An investigation by the House Subcommittee on Oversight and Investigations showed that health insurers WellPoint Inc., UnitedHealth Group and Assurant Inc. canceled the coverage of more than 20,000 people, allowing the companies to avoid paying more than $300 million in medical claims over a five-year period.

The health insurance industry calls the practice "rescission". Most people would call collecting money and not providing services "fraud". Yet the executives say they are the ones trying to prevent fraud - by patients:

But rescission victims testified that their policies were canceled for inadvertent omissions or honest mistakes about medical history on their applications. Rescission, they said, was about improving corporate profits rather than rooting out fraud.

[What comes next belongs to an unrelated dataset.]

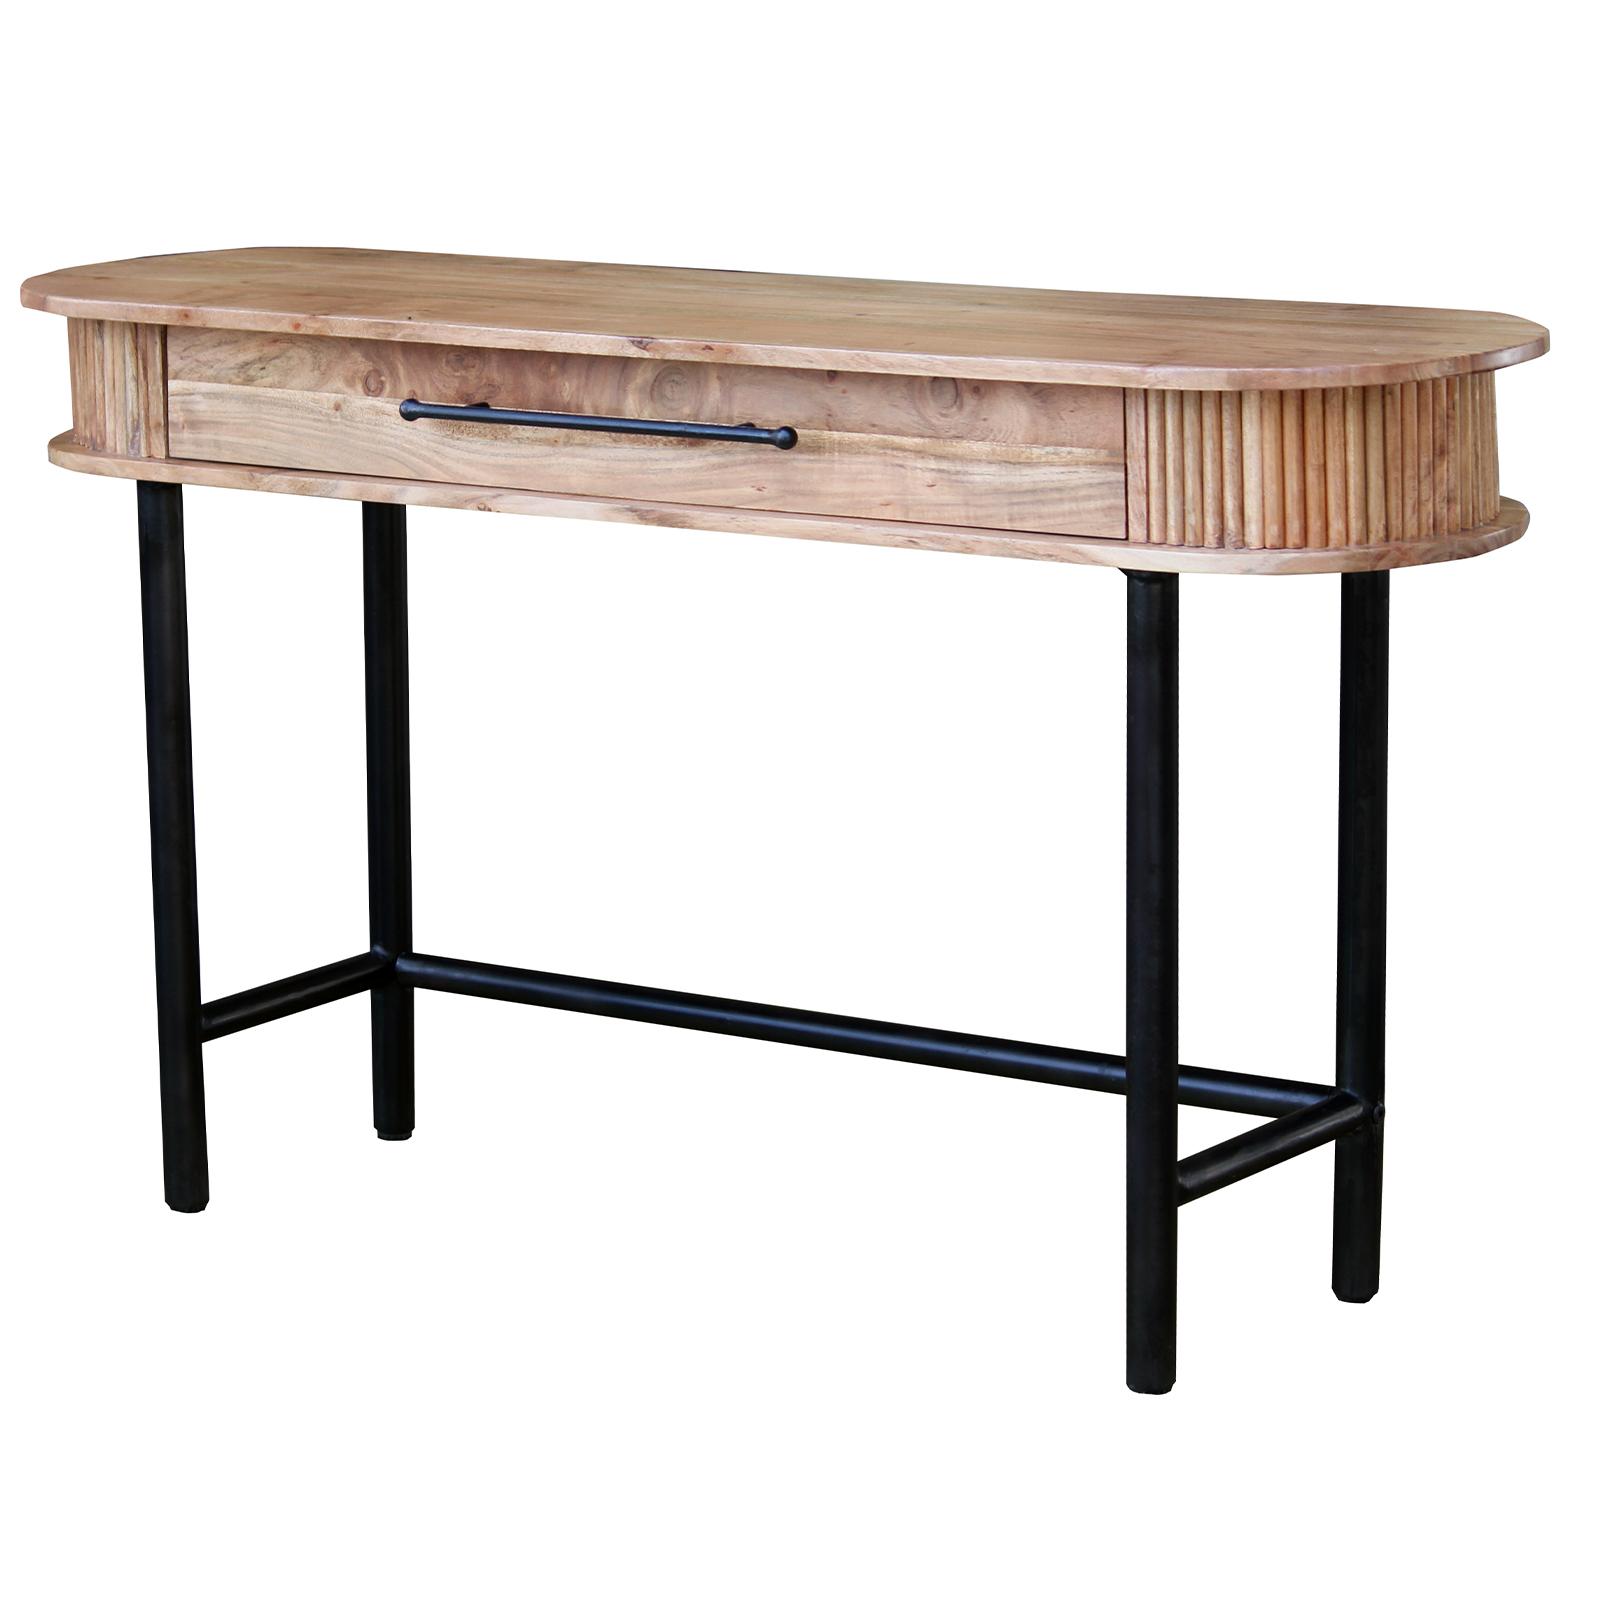 Konsolentisch Runda aus Akazie Massivholz - 140 cm breit

[Witnesses] from around the country accused insurers in testimony of gaming anti-fraud laws to take policyholders' premiums, only to drop people who developed serious illnesses. They testified that they or a deceased loved one had had policies canceled over innocent mistakes and inadvertent omissions on their applications.

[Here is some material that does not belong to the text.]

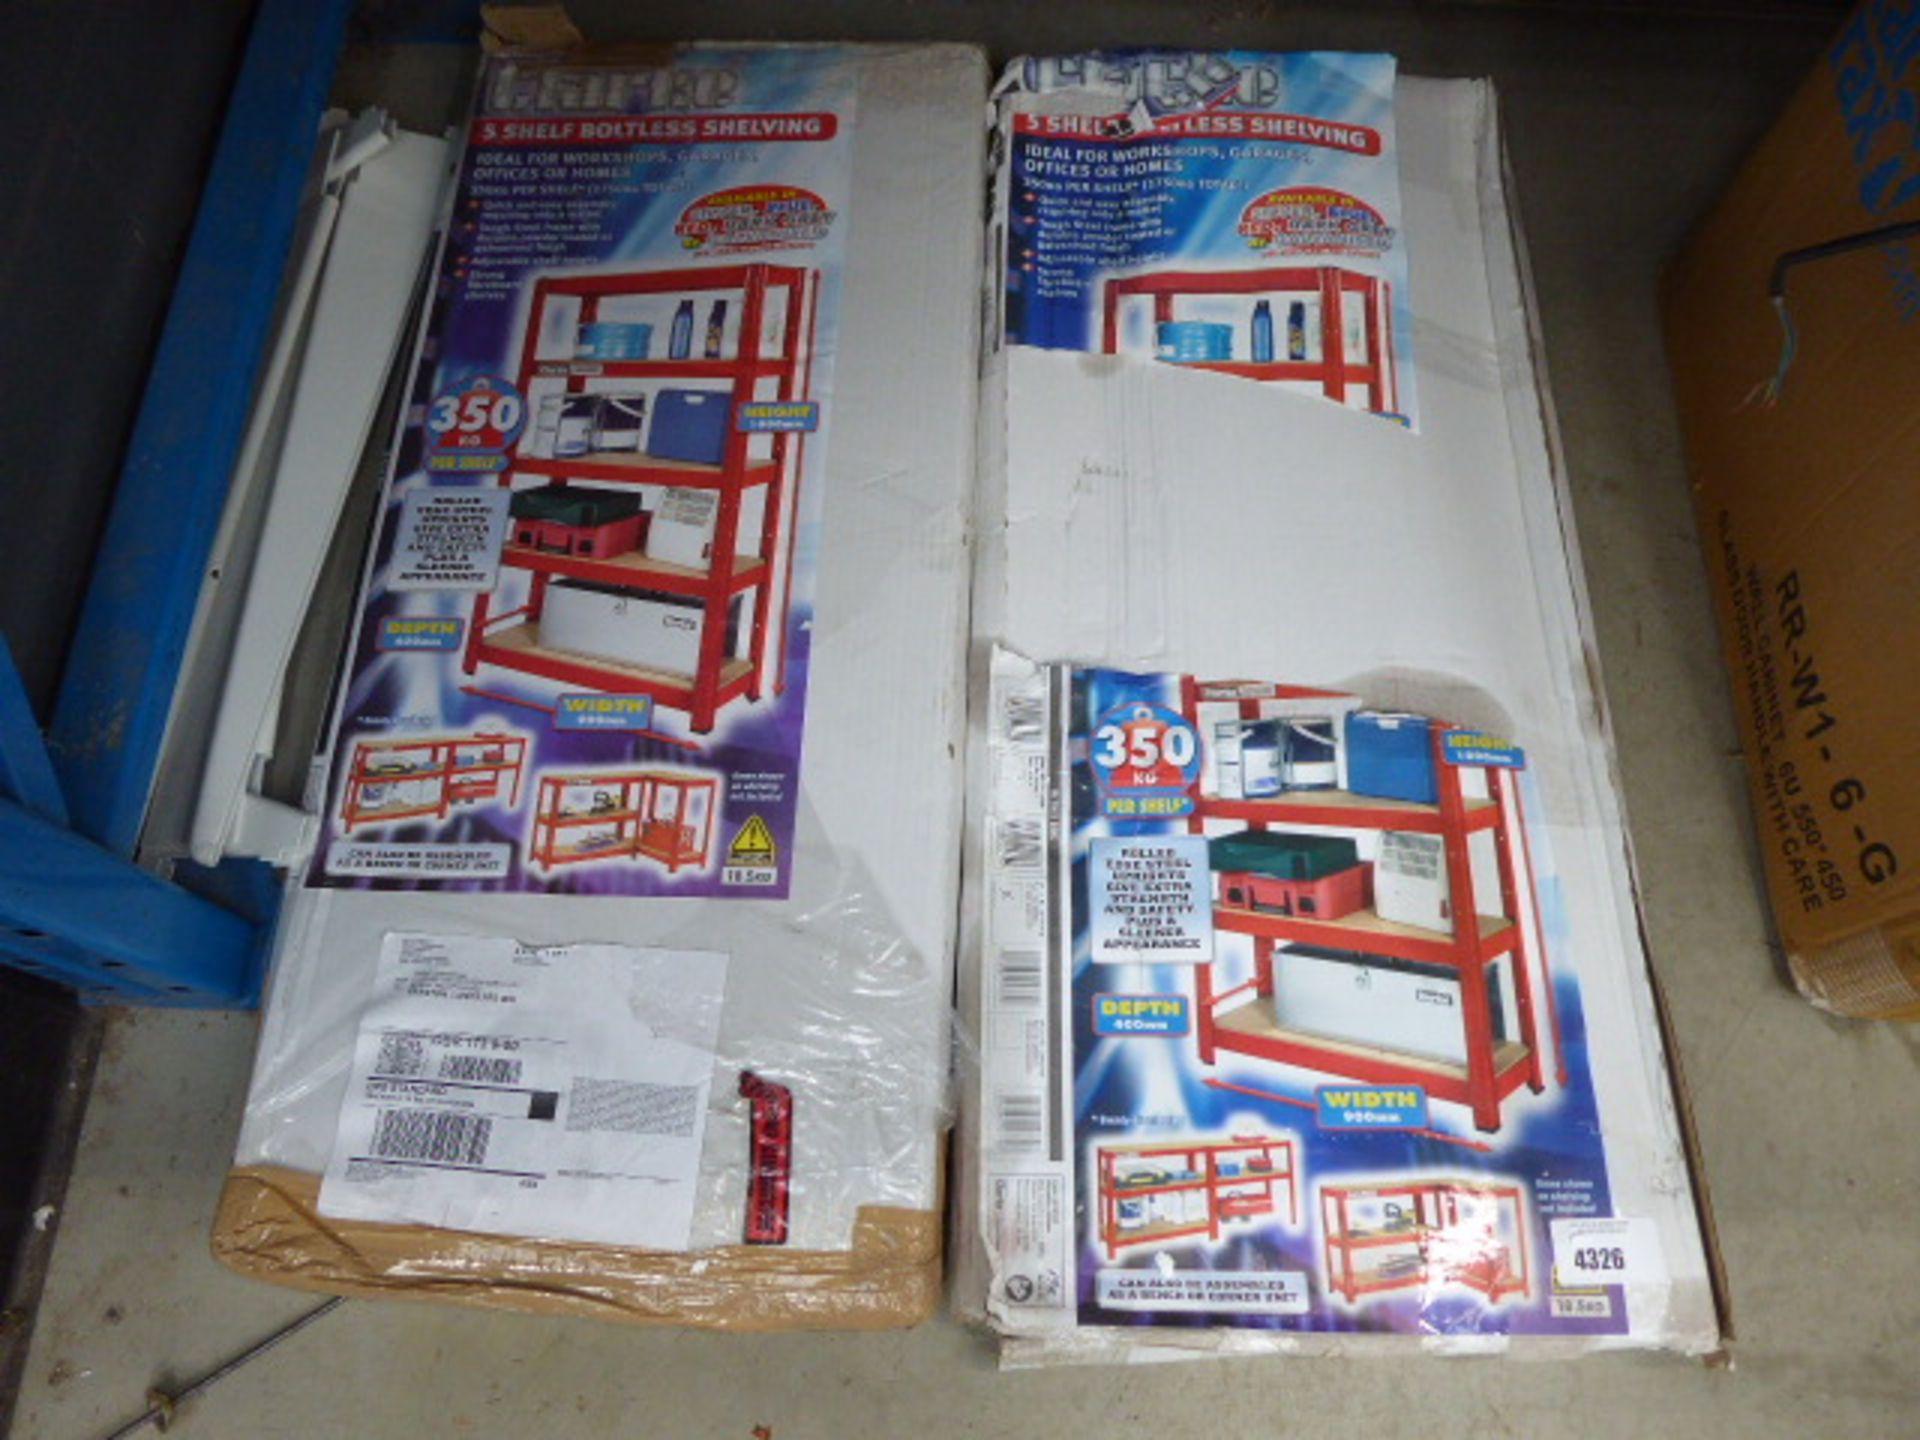 2 packs of flatpack racking

A Texas nurse said she lost her coverage, after she was diagnosed with aggressive breast cancer, for failing to disclose a visit to a dermatologist for acne.

The sister of an Illinois man who died of lymphoma said his policy was rescinded for the failure to report a possible aneurysm and gallstones that his physician noted in his chart but did not discuss with him.

The testimony from all sides left both Republican and Democratic members fuming:

"No one can defend, and I certainly cannot defend, the practice of canceling coverage after the fact,"said Rep. Michael C. Burgess (R-Tex.), a member of the committee. "There is no acceptable minimum to denying coverage after the fact."

It won't surprise most readers that health insurance companies reward their employees for this practice. WellPoint's Blue Cross gave employees who could deny the most coverage high marks in performance reviews. One Blue Cross employee, the Times reports, was given a perfect rating for "dropping thousands of policyholders and avoiding nearly $10 million worth of medical care."

When put on the spot by committee chair Rep. Bart Stupak (D-MI), who asked if the executives would at least commit to stop canceling policies without evidence of "intentional fraud", the three executives responded, flatly, "No."

"This is precisely why we need a public option," said [Rep. John] Dingell (D-MI).

Public Option would prevent these kinds of abuses

In a free market, when a private health insurance company takes your premiums but denies you coverage, you should be able to take your business elsewhere. But there is no free market for health care in this country. In our health care system, private insurance companies are the only game in town, and they have no incentive to put people before profits.

A public option which doesn't use your premium dollars to pay shareholder dividends and insane salaries to executives, doesn't deny coverage because of pre-existing conditions, and doesn't cancel your policy when you need it most will give Americans a real choice and force private insurers to treat you fairly or risk losing your business.

Health care reform without a public option is no reform at all.